JAKARTA, KOMPAS.com - Bank Indonesia ( BI) melaporkan, utang luar negeri
(ULN) Indonesia pada kuartal IV 2017 mencapai 352,2 miliar dollar AS.
Angka tersebut tumbuh sebesar 10,1 persen secara tahunan (yoy).
"Perkembangan ULN Indonesia pada kuartal IV 2017 relatif terkendali,"
tulis bank sentral dalam pernyataan resmi, Senin (19/2/2018).
BI
menyatakan, perkembangan ULN ini terjadi baik di sektor publik maupun
swasta. Hal ini sejalan dengan kebutuhan pembiayaan untuk pembangunan
infrastruktur dan kegiatan produktif lainnya.
Berdasarkan jangka
waktu, struktur ULN Indonesia pada akhir kuartal IV 2017 terbilang aman.
ULN tetap didominasi ULN berjangka panjang yang memiliki pangsa 86,1
persen dari total ULN dan pada akhir kuartal IV 2017 tumbuh 8,5 persen
(yoy) dan ULN berjangka pendek tumbuh 20,7 persen (yoy).

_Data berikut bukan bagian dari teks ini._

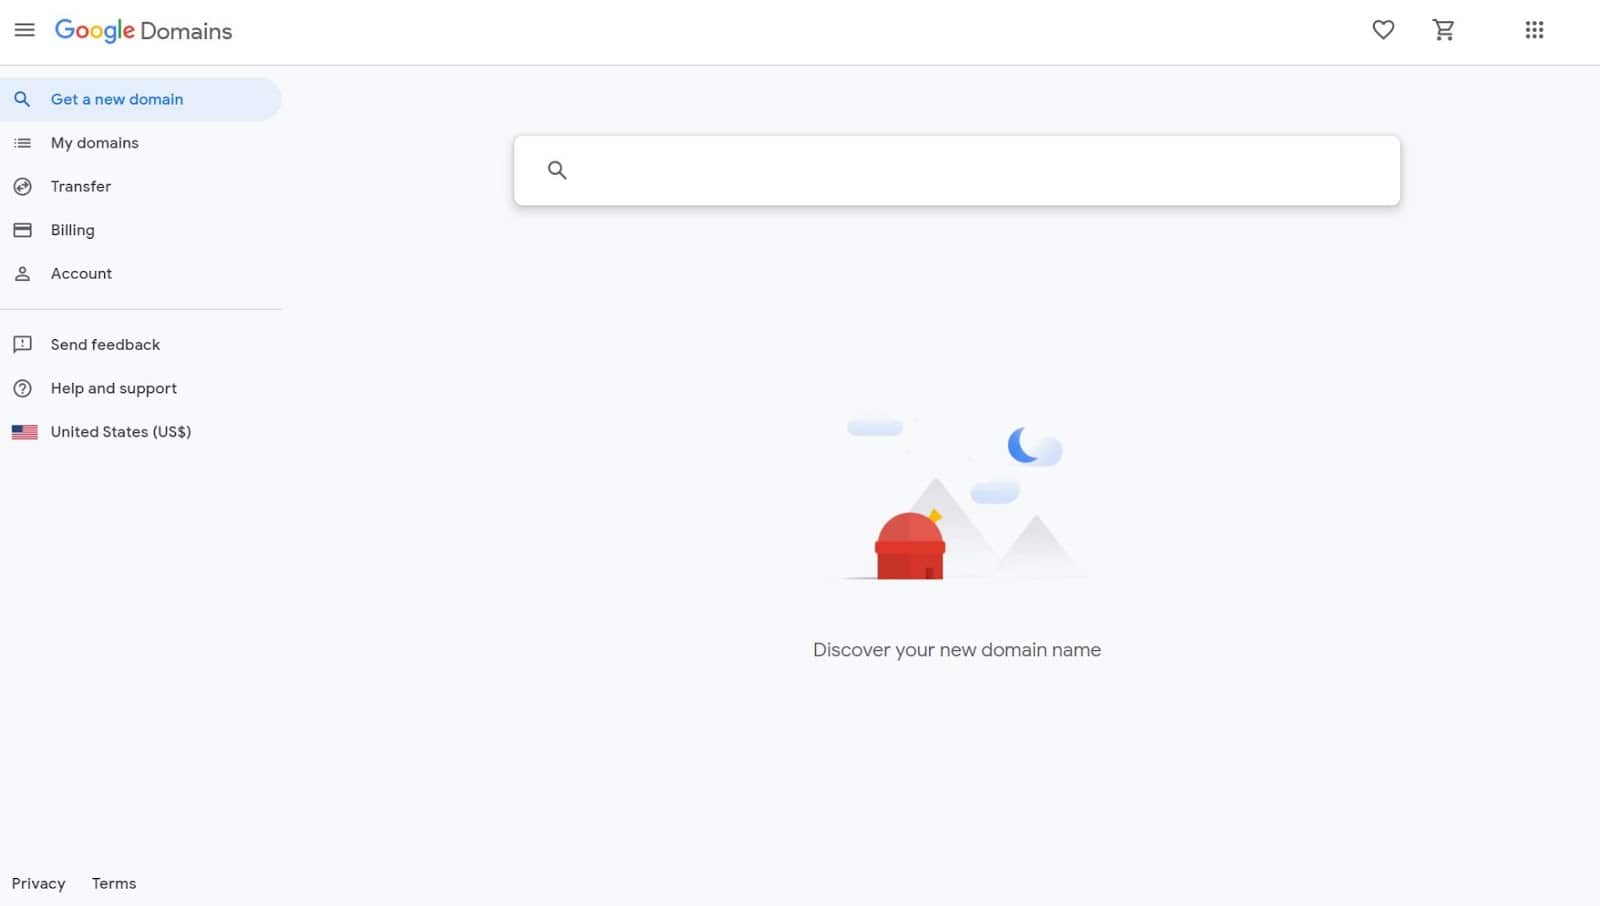 Google Domains homepage

Menurut sektor ekonomi, posisi ULN swasta pada akhir kuartal IV 2017
terutama dimiliki sektor keuangan, industri pengolahan, listrik, gas,
dan air bersih (LGA), serta pertambangan.
Pangsa ULN keempat sektor tersebut terhadap total ULN swasta mencapai
76,9 persen, sedikit lebih rendah dibandingkan pada kuartal sebelumnya
sebesar 77 persen.
Pertumbuhan ULN pada sektor keuangan, sektor industri
pengolahan, dan sektor LGA meningkat dibandingkan dengan kuartal III
2017. Di sisi lain, ULN sektor pertambangan mengalami kontraksi
pertumbuhan.
Rasio ULN Indonesia terhadap Produk Domestik Bruto
(PDB) pada akhir kuartal IV 2017 tercatat stabil di kisaran 34 persen.
Selain itu, rasio utang jangka pendek terhadap total ULN juga relatif
stabil di kisaran 13 persen.
Kedua rasio ULN tersebut masih lebih baik dibandingkan beberapa negara peers atau sekawasan.
"Bank Indonesia terus memantau perkembangan ULN dari waktu ke waktu
untuk meyakinkan bahwa ULN dapat berperan secara optimal dalam mendukung
pembiayaan pembangunan tanpa menimbulkan risiko yang dapat memengaruhi
stabilitas makroekonomi," ungkap bank sentral.